:: EXERCISE DESCRIPTION ::
Please produce an exact copy of only the lines from the one with "Dein Sri Lanka" through the last one of the material, without pictures.

:: COLLECTED DATA ::
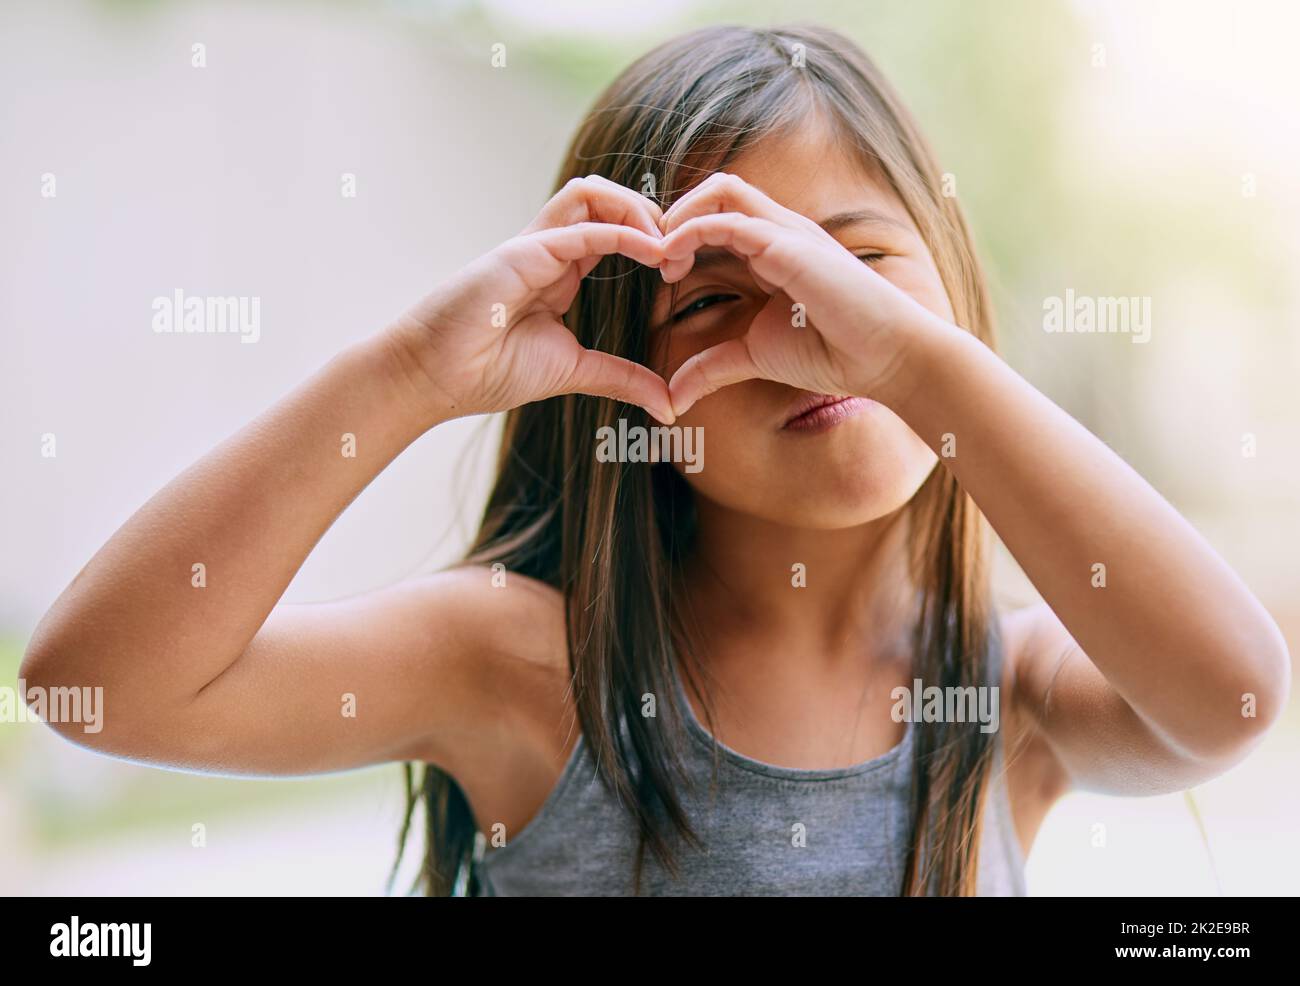 Das Leben mit Liebe und Glück füllen. Porträt eines kleinen Mädchens, das mit ihren Händen eine Herzgeste macht. Stockfoto
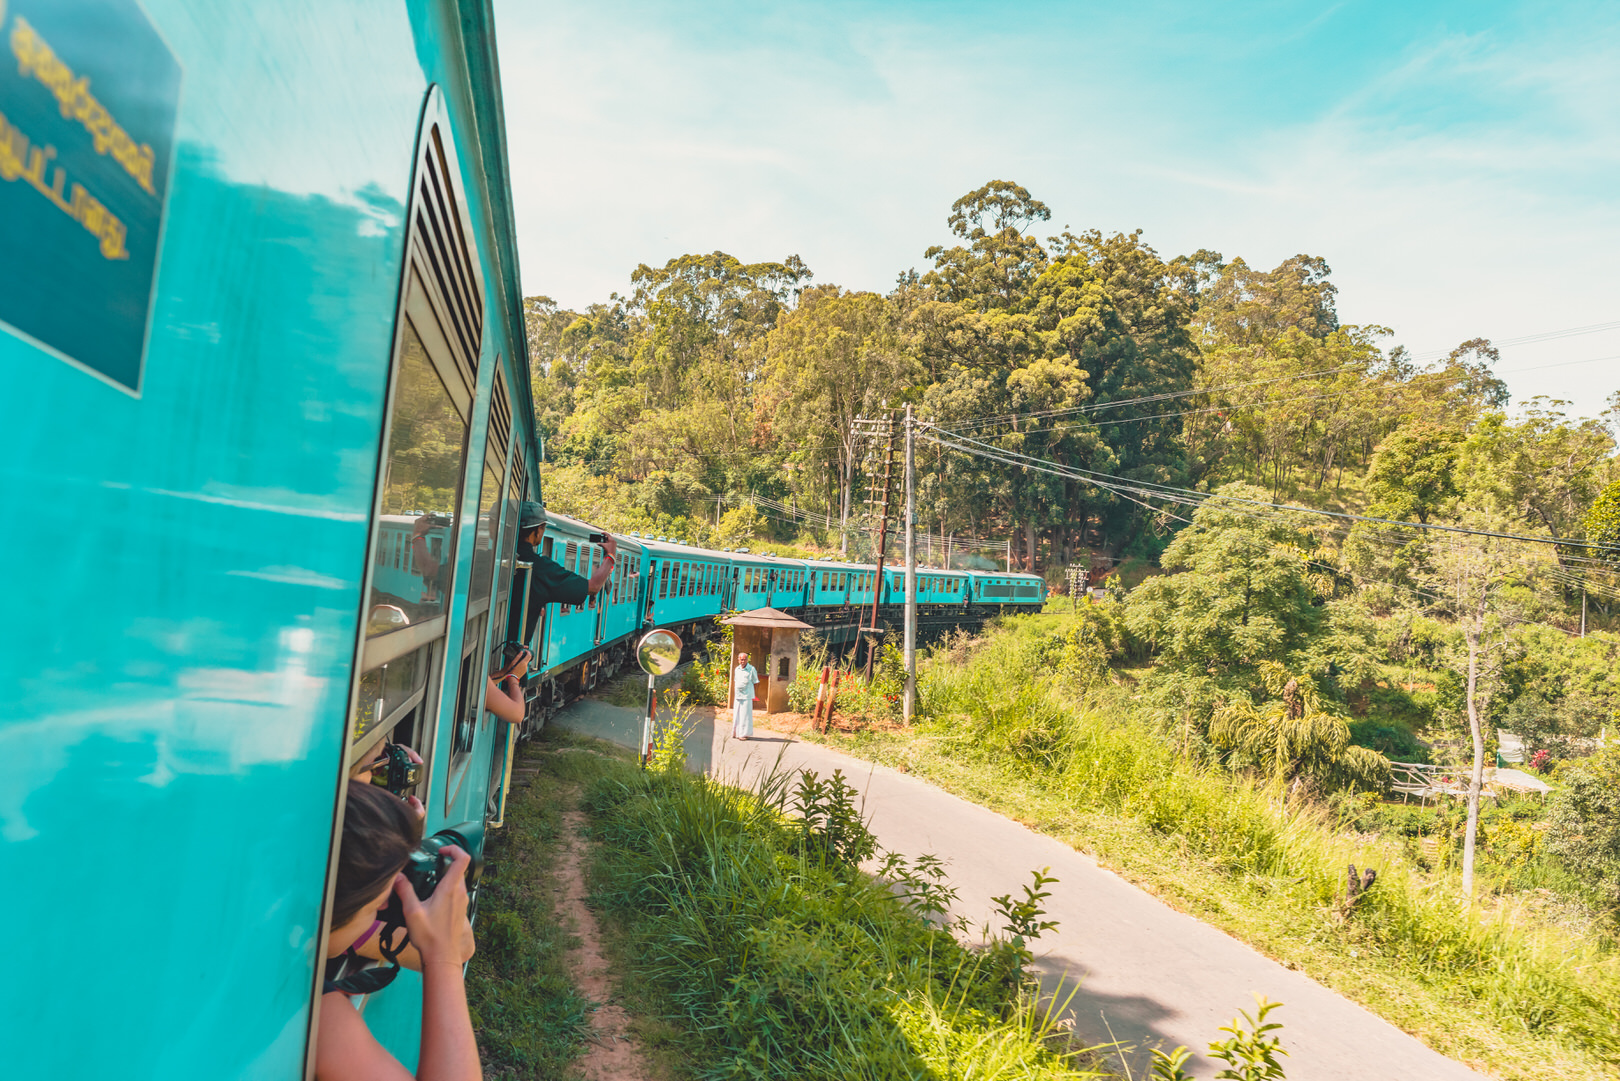 Dein Sri Lanka Urlaub - alle wichtigen Tipps für deine Reise
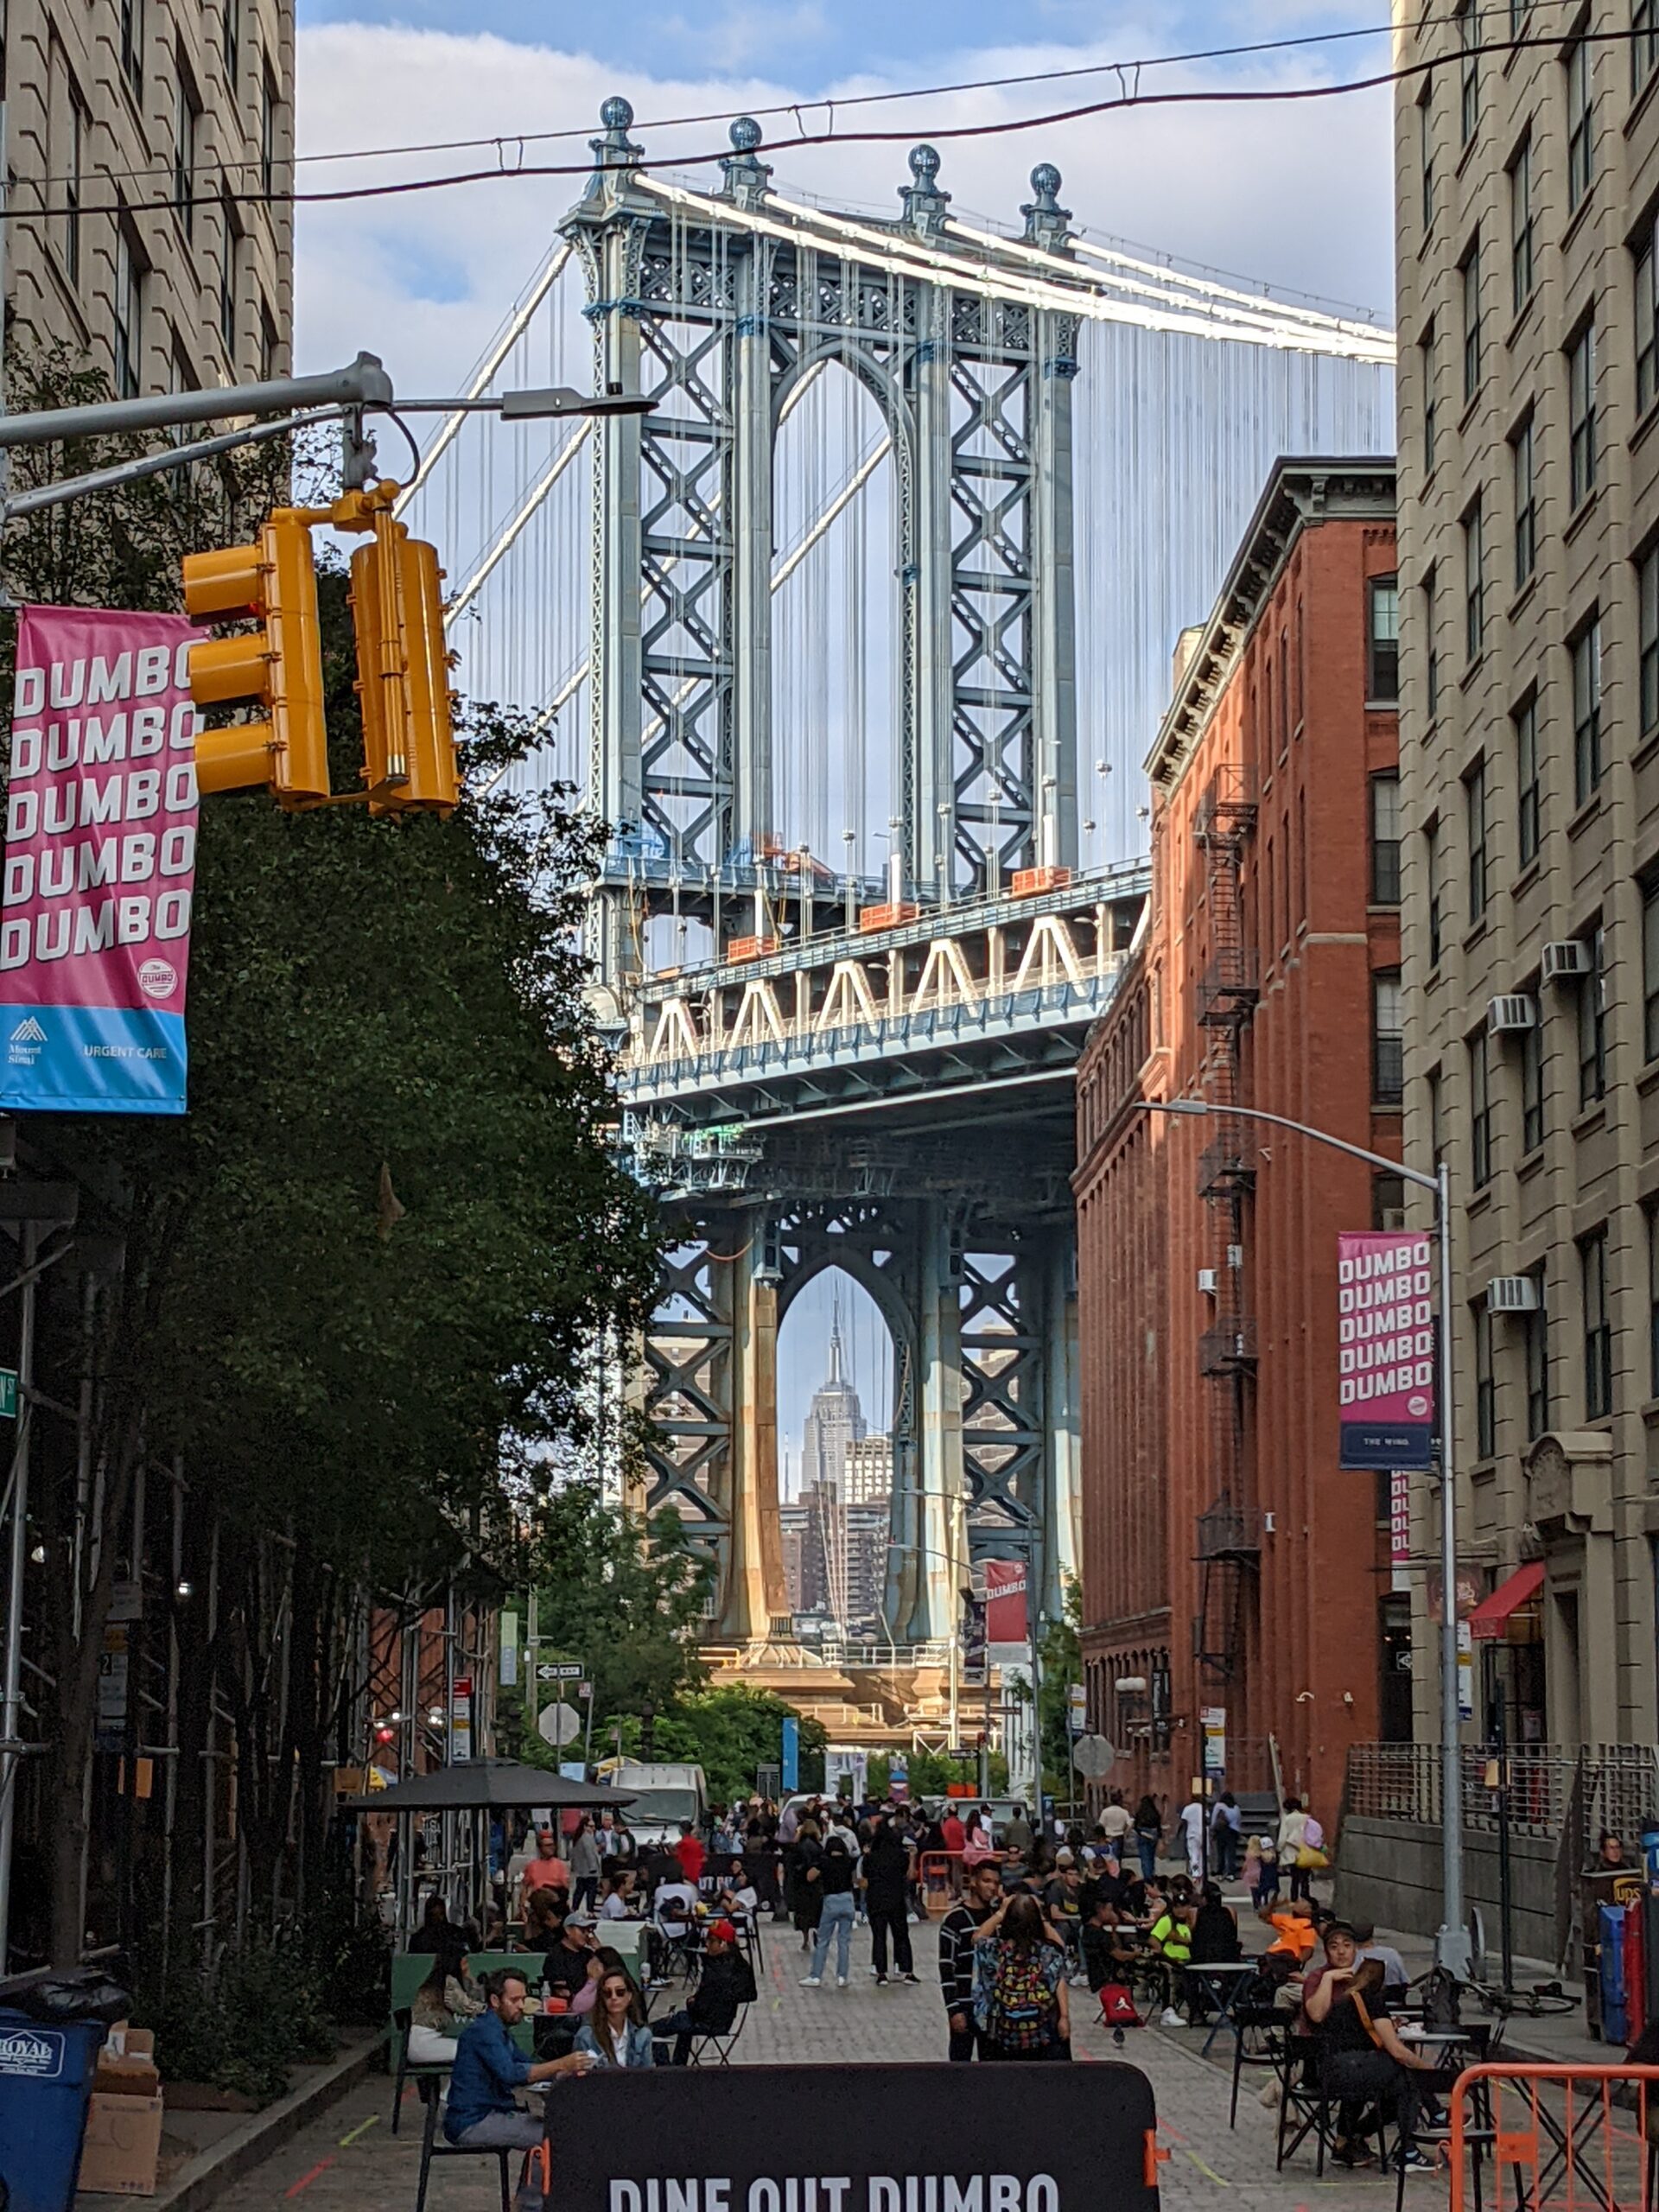 Manhattan Bridge pilon seen between buildings in DUMBO neighborhood of Brooklyn

:: ANSWER TO THIS PROBLEM ::
 Dein Sri Lanka Urlaub - alle wichtigen Tipps für deine Reise
 Manhattan Bridge pilon seen between buildings in DUMBO neighborhood of Brooklyn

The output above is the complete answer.